• **The problem**
The reply should be an exact repeat of the listing, with no pictures in it.

• **Supplied material**
·····
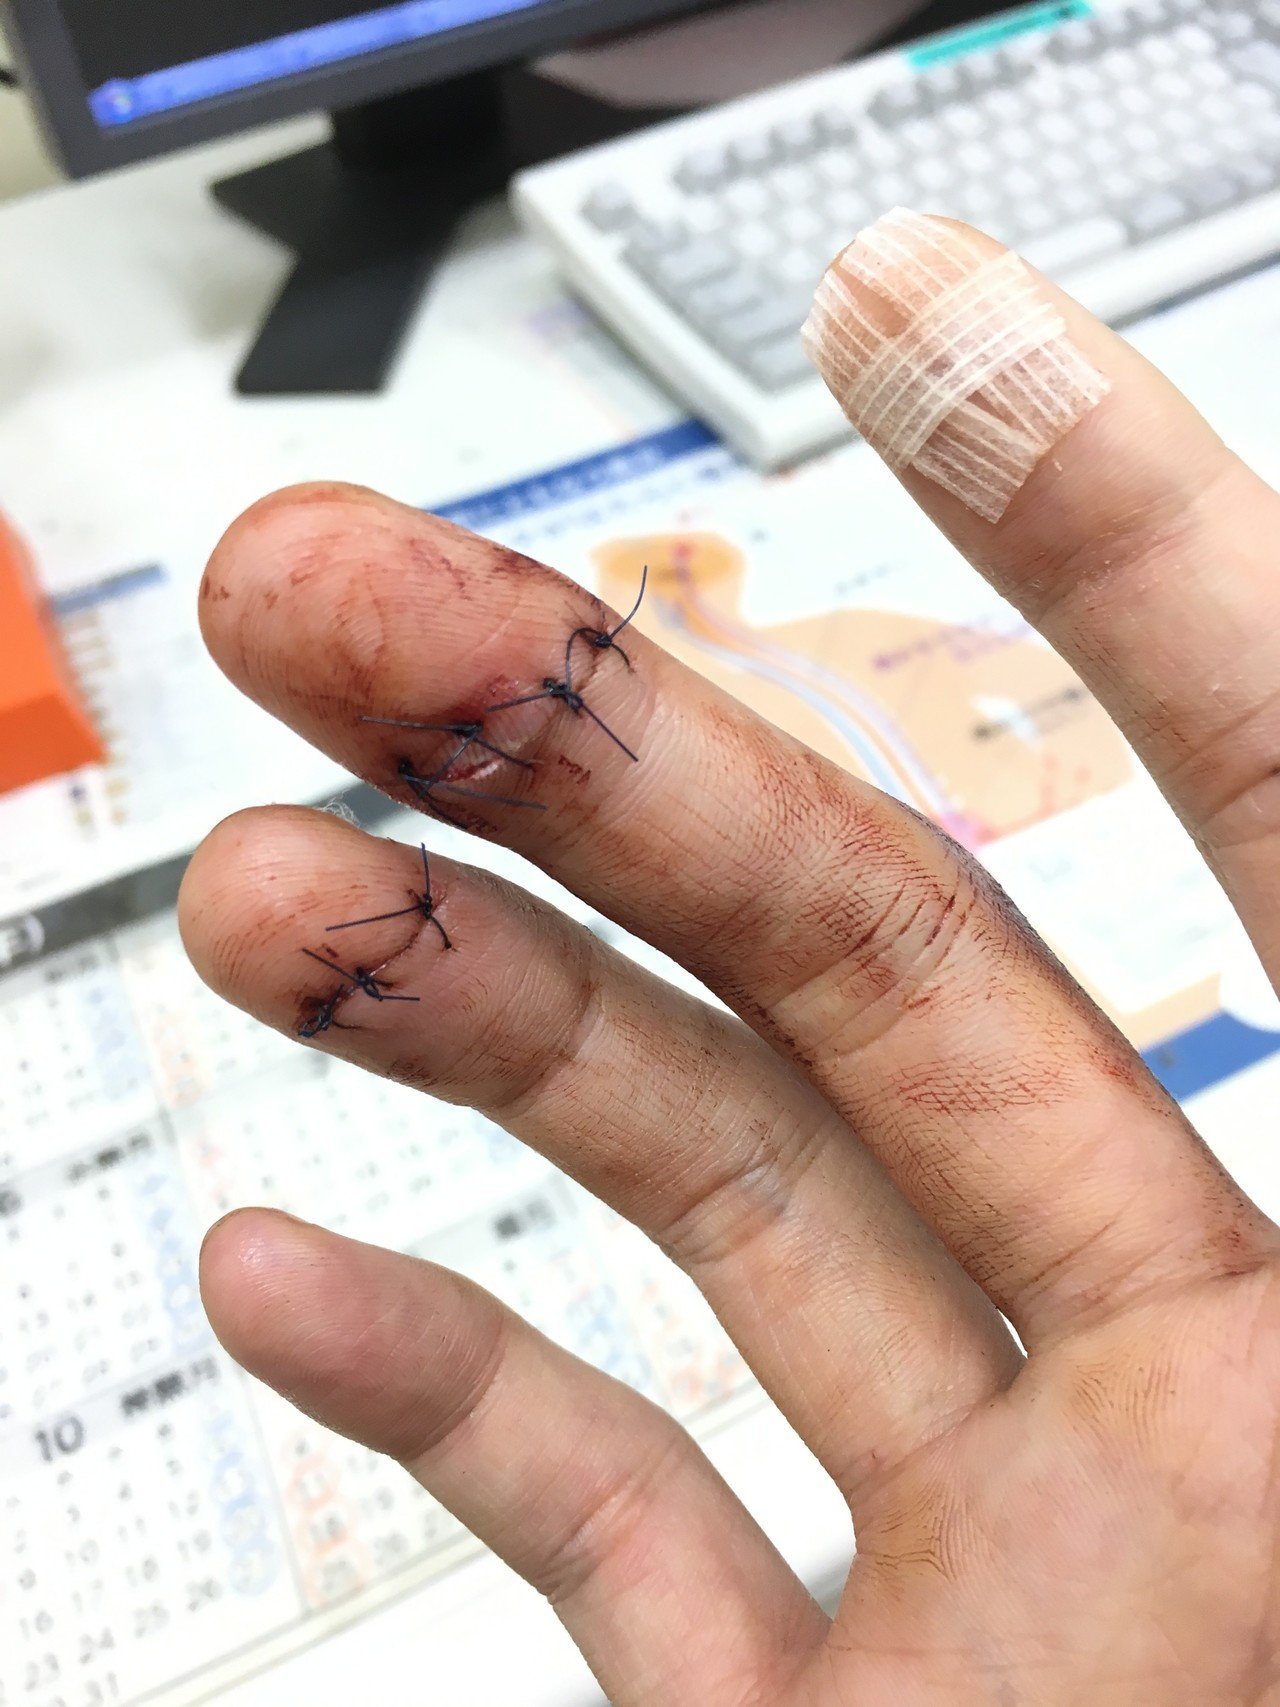 グロ注意 指を合計7針縫う怪我をしたときの治療の経過です しょ Note
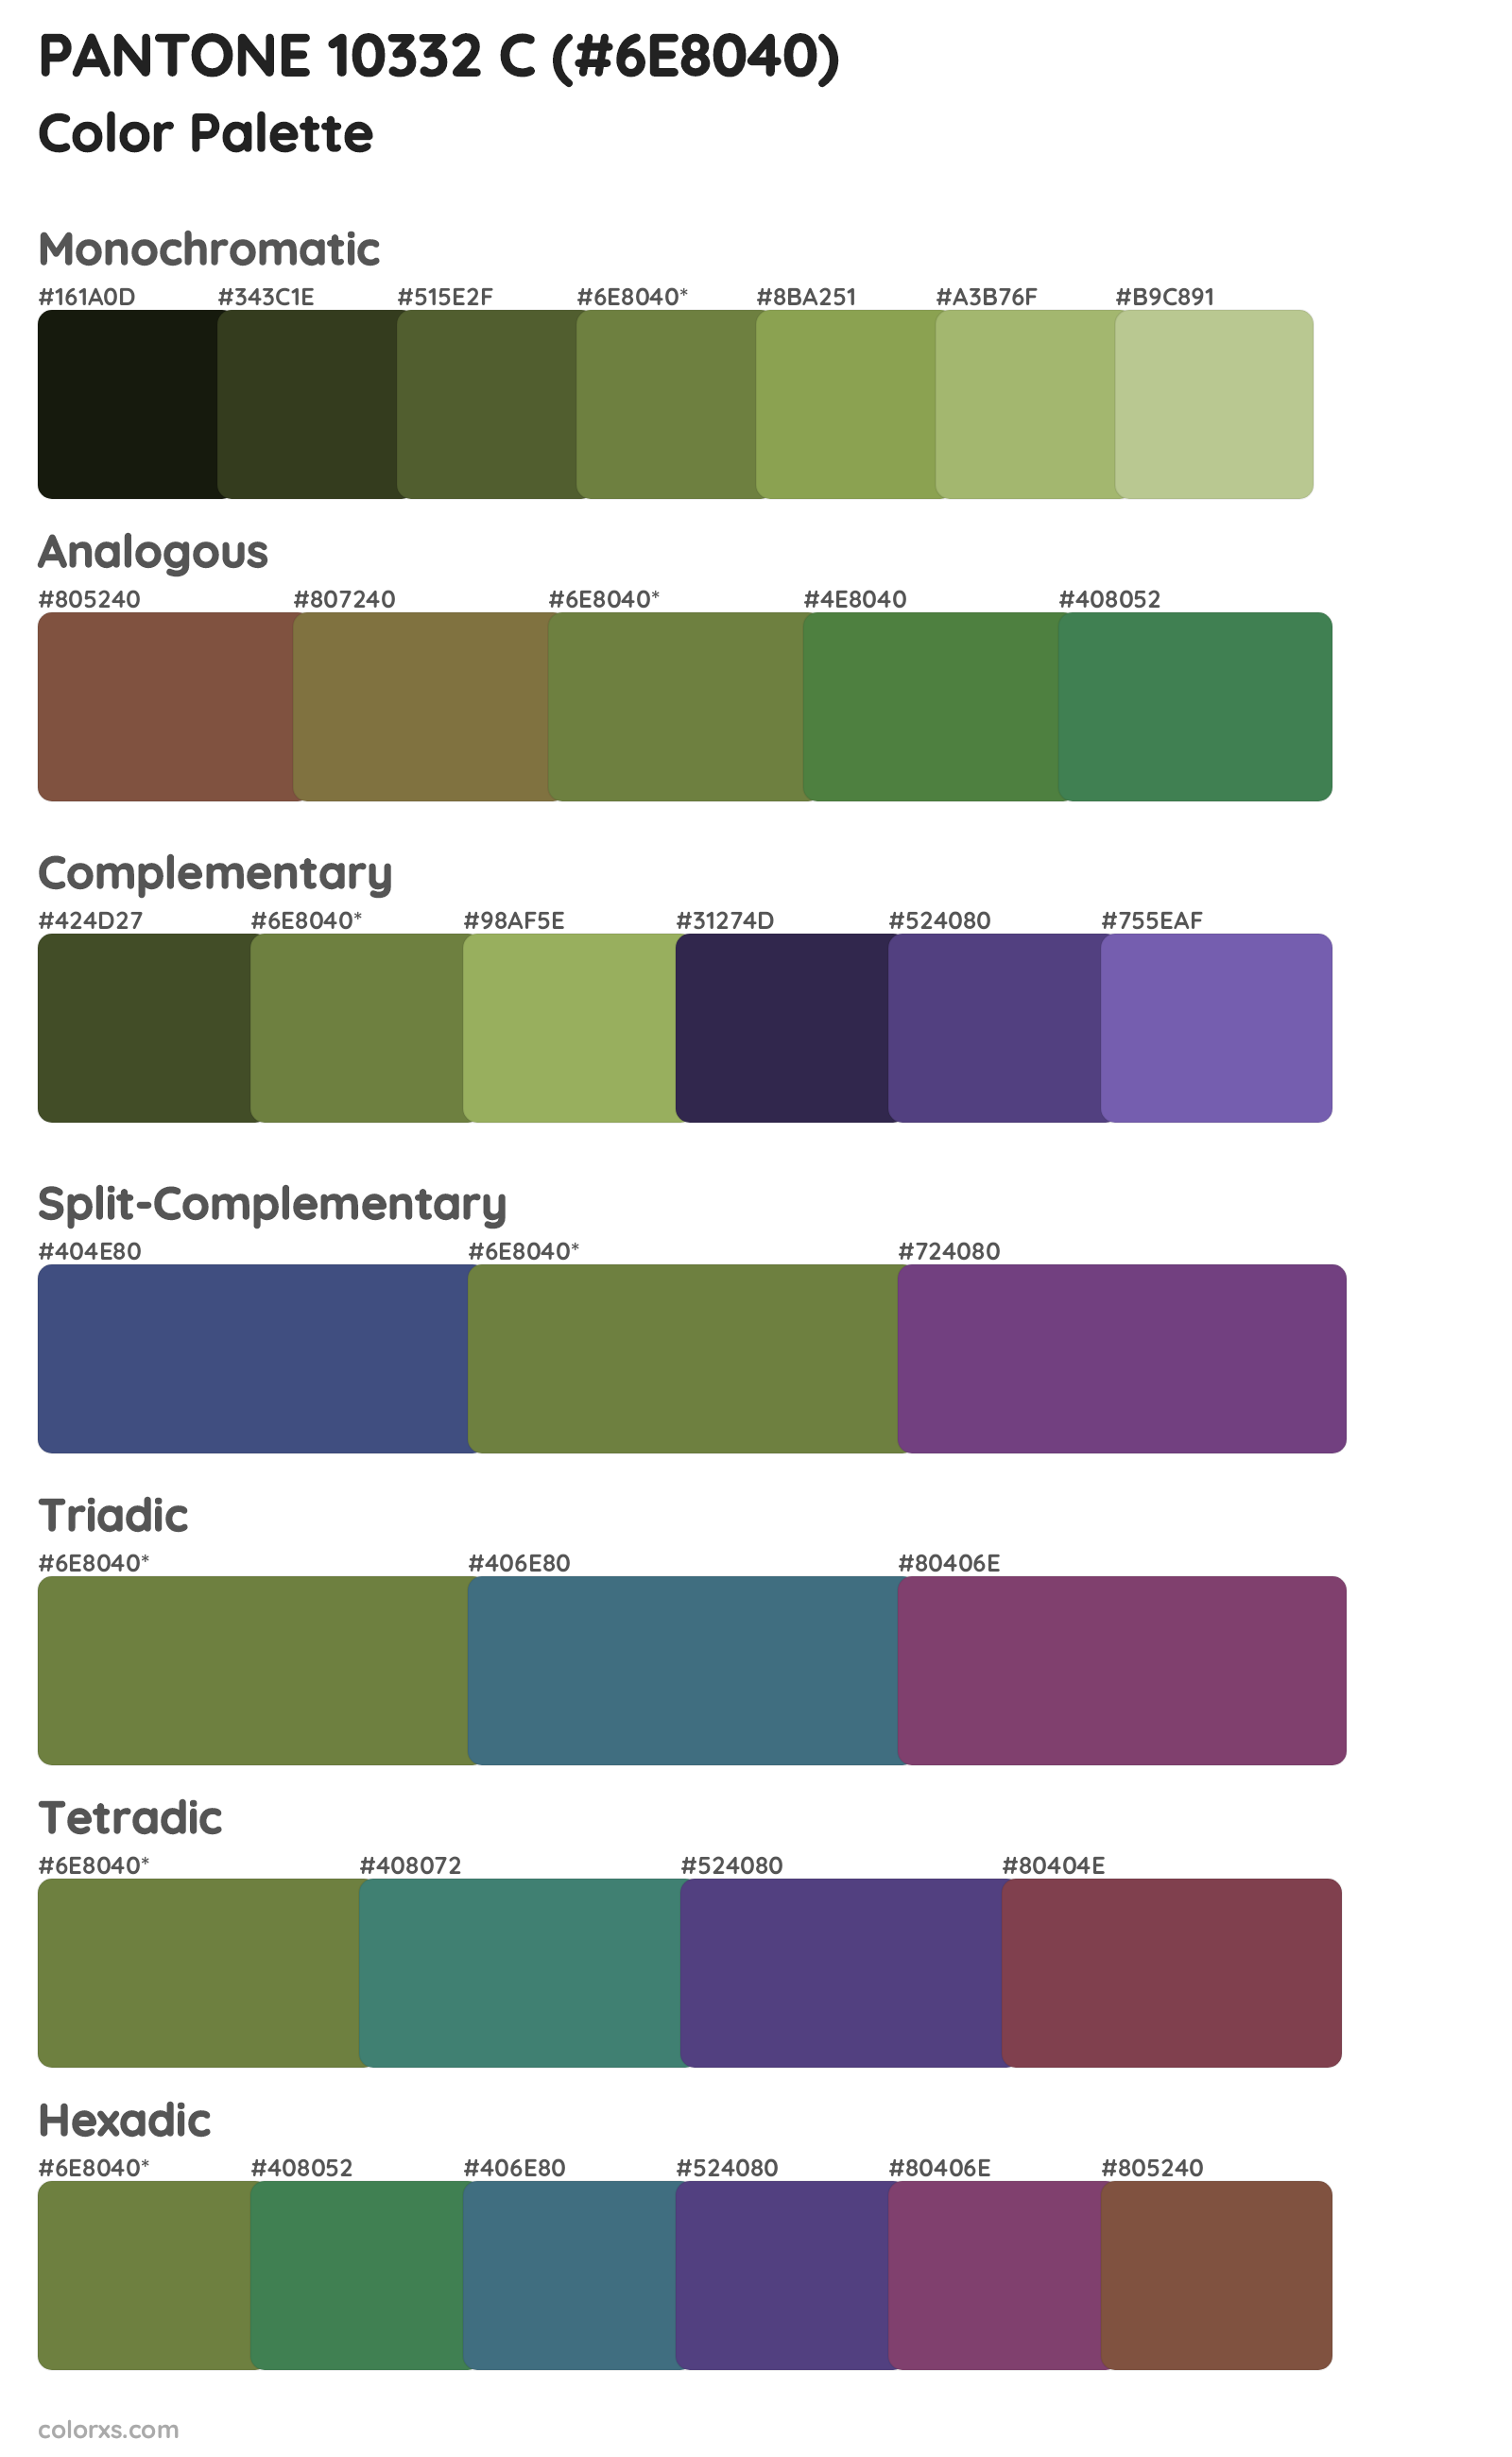 PANTONE 10332 C Color Scheme Palettes
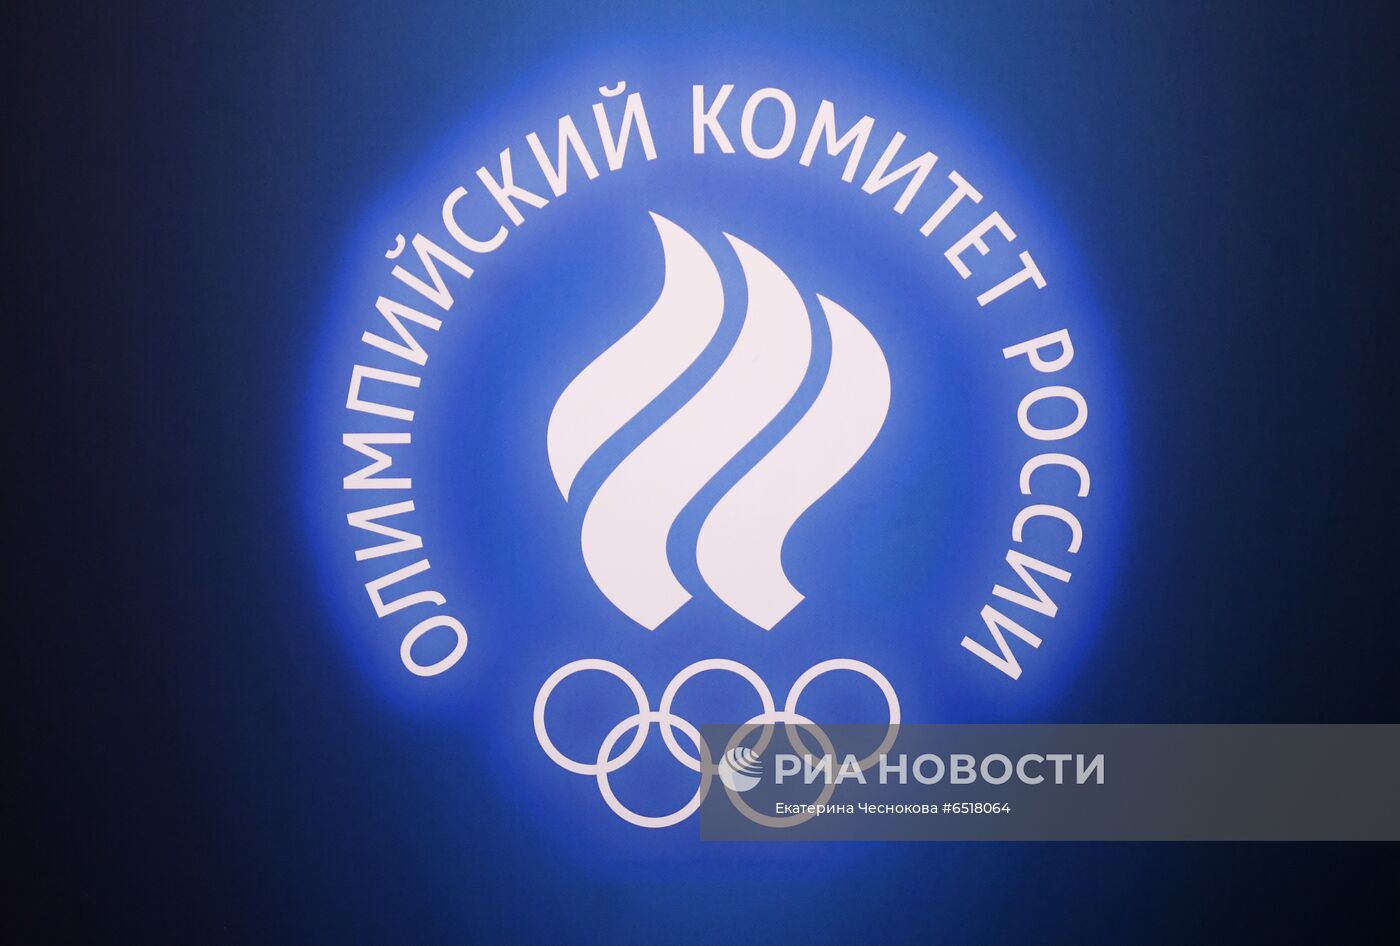 Презентация официальной формы Олимпийской команды России на ОИ-2020
·····
• **Result for this task**
 グロ注意 指を合計7針縫う怪我をしたときの治療の経過です しょ Note
 PANTONE 10332 C Color Scheme Palettes
 Презентация официальной формы Олимпийской команды России на ОИ-2020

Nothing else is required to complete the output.